Тонкий перевел дух. Он уже подумал, что сзади подкрался какой-нибудь приятель мотоциклистов, но это была всего лишь баба Зоя с непроизносимым отчеством. Судя по тому, что появилась она сзади, из подсолнухов, Карабогазголовна ходила к морю, вот и пропустила все шоу. У Тонкого не повернулся язык с ходу объяснить старушке, что, мол, он покрасил ее коров в оранжевый цвет, нечаянно.

– Тут ваши коровы пасутся? – спросил он, чтобы потянуть время, хотя знал, что да, ее. Козел же бабы-Зоин, и пасутся коровы у ее забора.

– Мои… Случилось что, да?

Тонкий уставился себе под ноги, готовясь каяться. Но тут баба Зоя и без него узнала, что случилось. Раздвинув подсолнухи, к ней потянулась коровья голова с оранжевым чубчиком.

– Ты?! – Старуха до пяток прожгла Тонкого взглядом и, не дожидаясь признания, кинулась осматривать корову.

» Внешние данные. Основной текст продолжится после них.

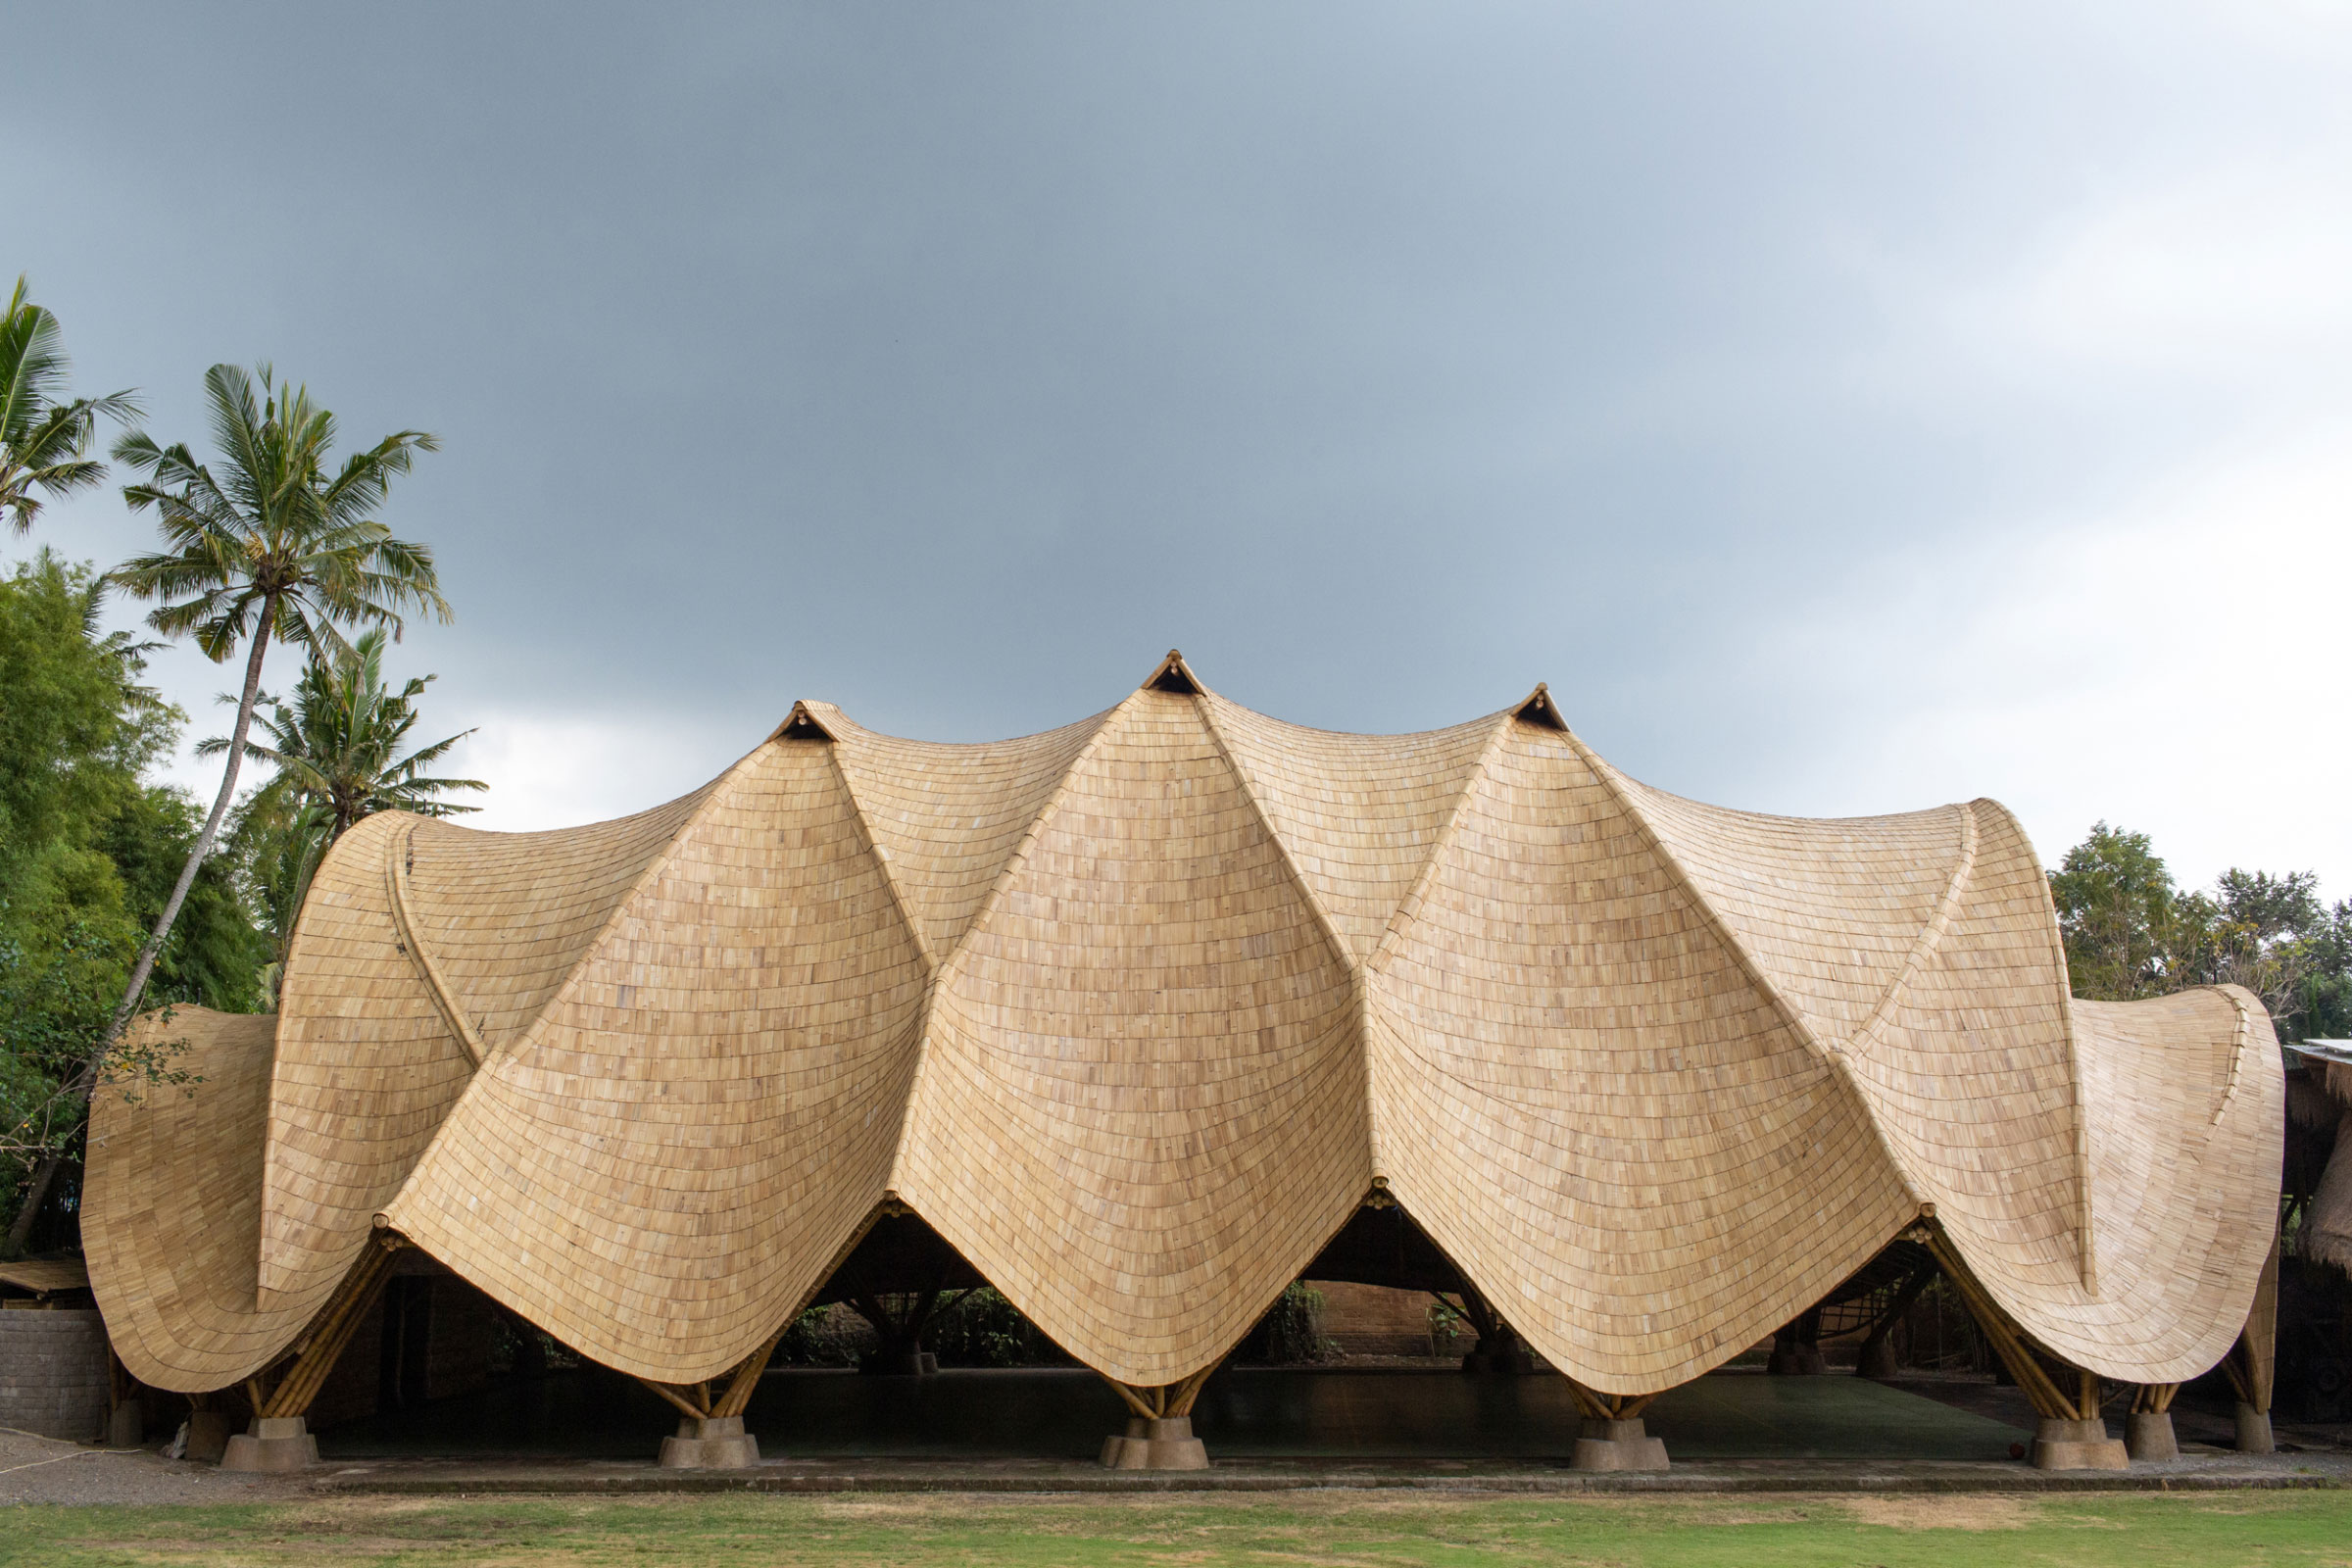 IBUKU Designed This School Facility in Bali Using Only Bamboo
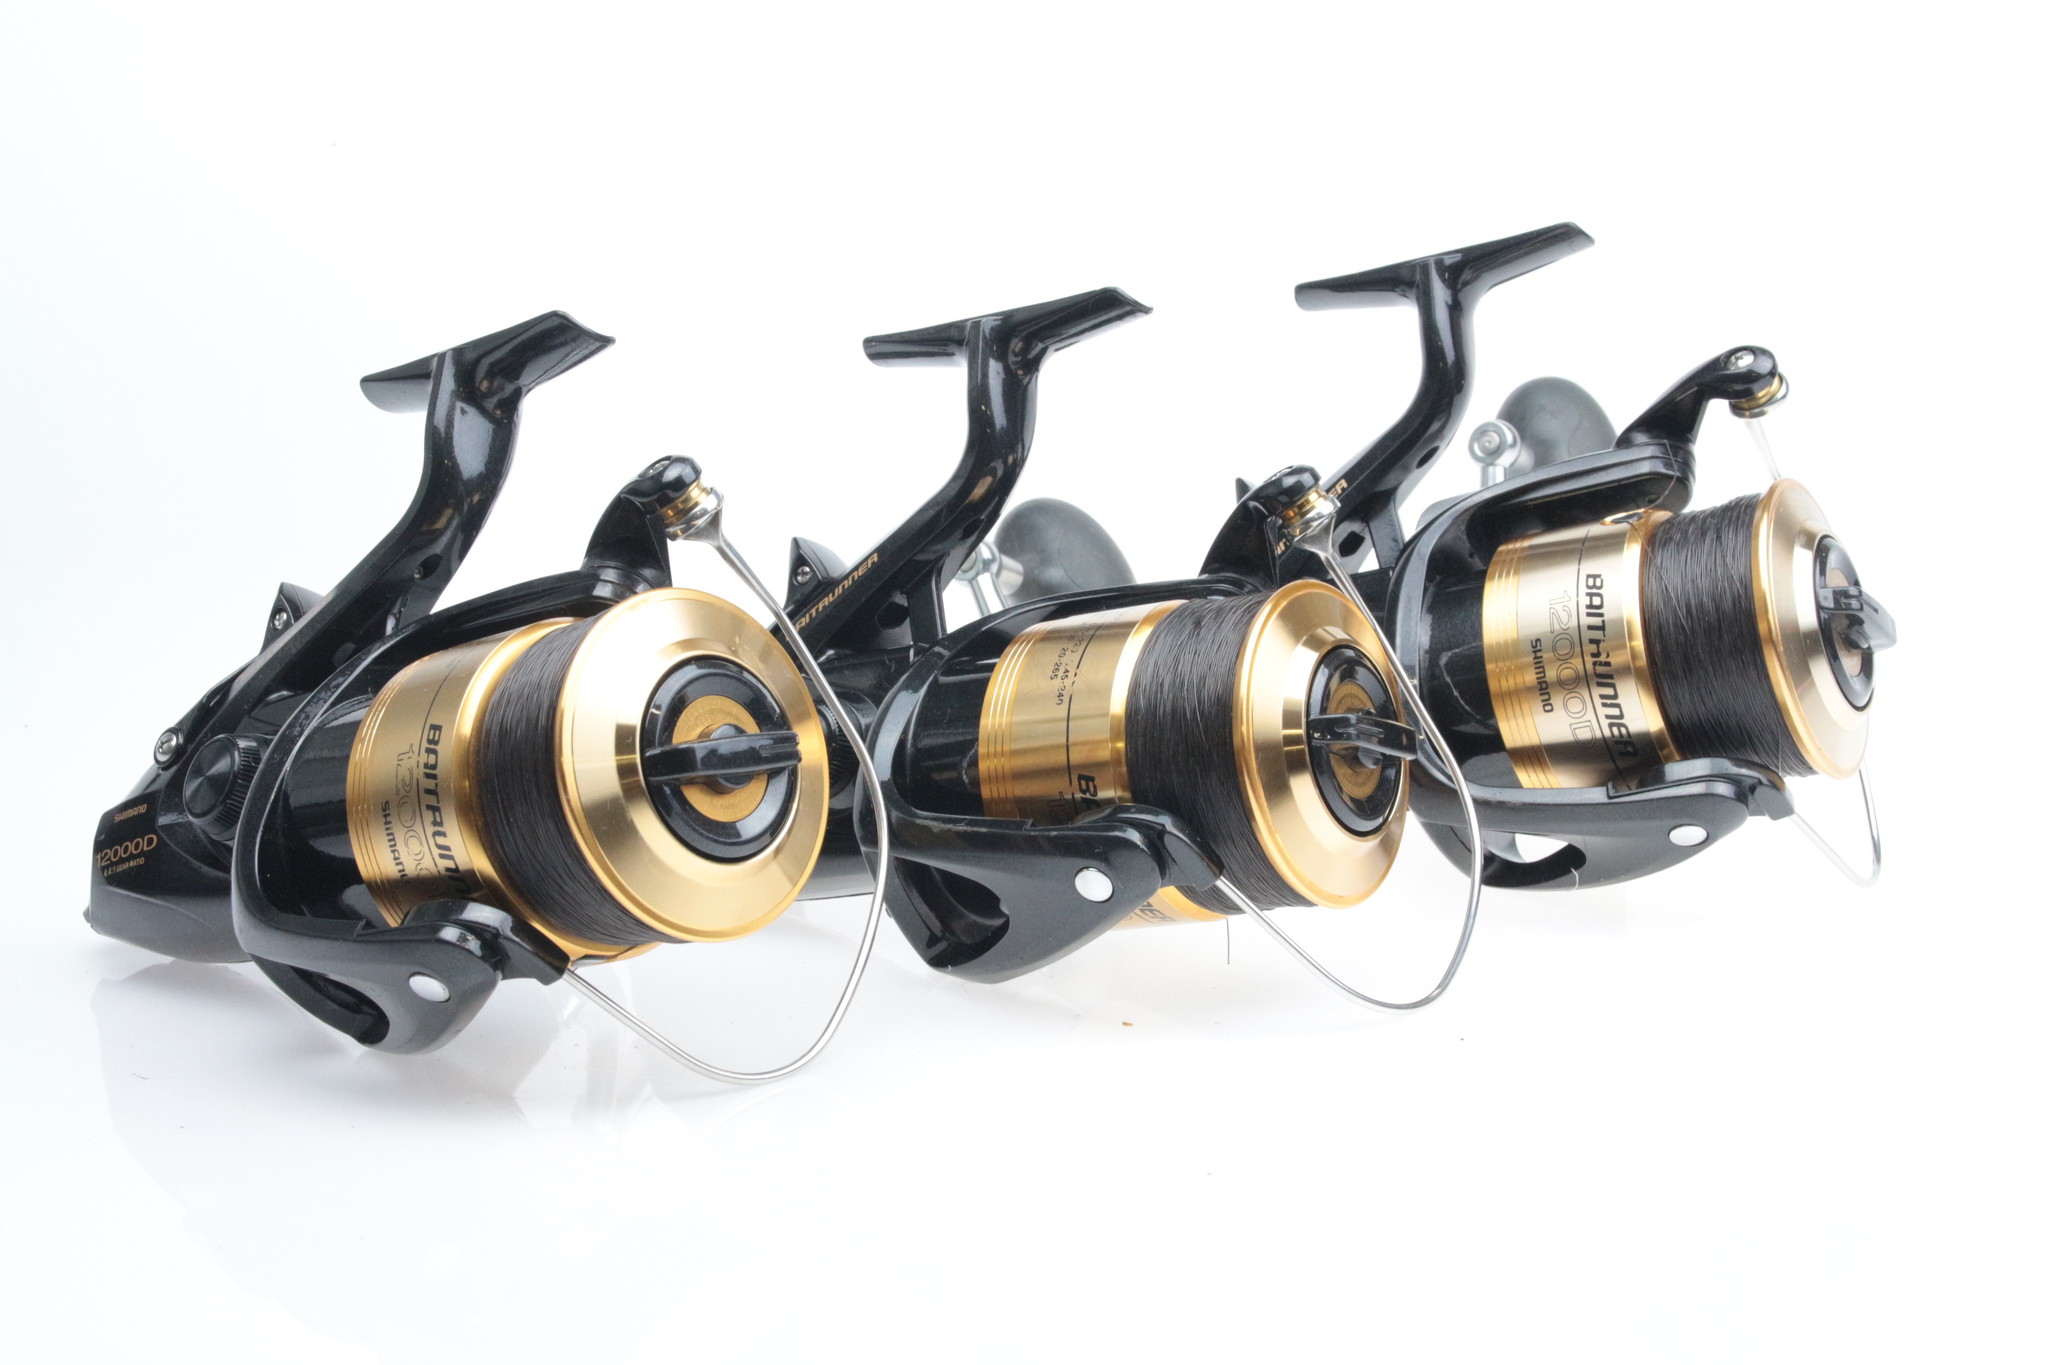 NOW up to 50% discount on new and second-hand carp reels! - CV Fishing

Корова – длинное животное. Дойдя до хвоста, баба Зоя вышла из подсолнухов и получила возможность оценить пейзаж в целом, от пасущейся поблизости Рыжухи (бывшей Пеструхи) до оранжевого забора. Тонкий, вместо того чтобы смыться, плелся за ней, как на привязи. Он чувствовал себя виноватым.

– Ты?!! – басом повторила оскорбленная баба Зоя.

Тонкий в третий раз приготовился колоться и опять не успел. Говорю же, бог есть. Завидев хозяйку пострадавшего стада, из калиток повыскакивали другие бабульки и загалдели:

– Ой, Карапетовна, что было!

– Эти притарахтели и ну гонять!

– А коровы поразбеглись!

– А этим мало – гранату бросили!

– Раз! И все в дыму!

Из общего гвалта Тонкий выудил главное: «ГРАНАТУ» БРОСИЛИ ЭТИ!!!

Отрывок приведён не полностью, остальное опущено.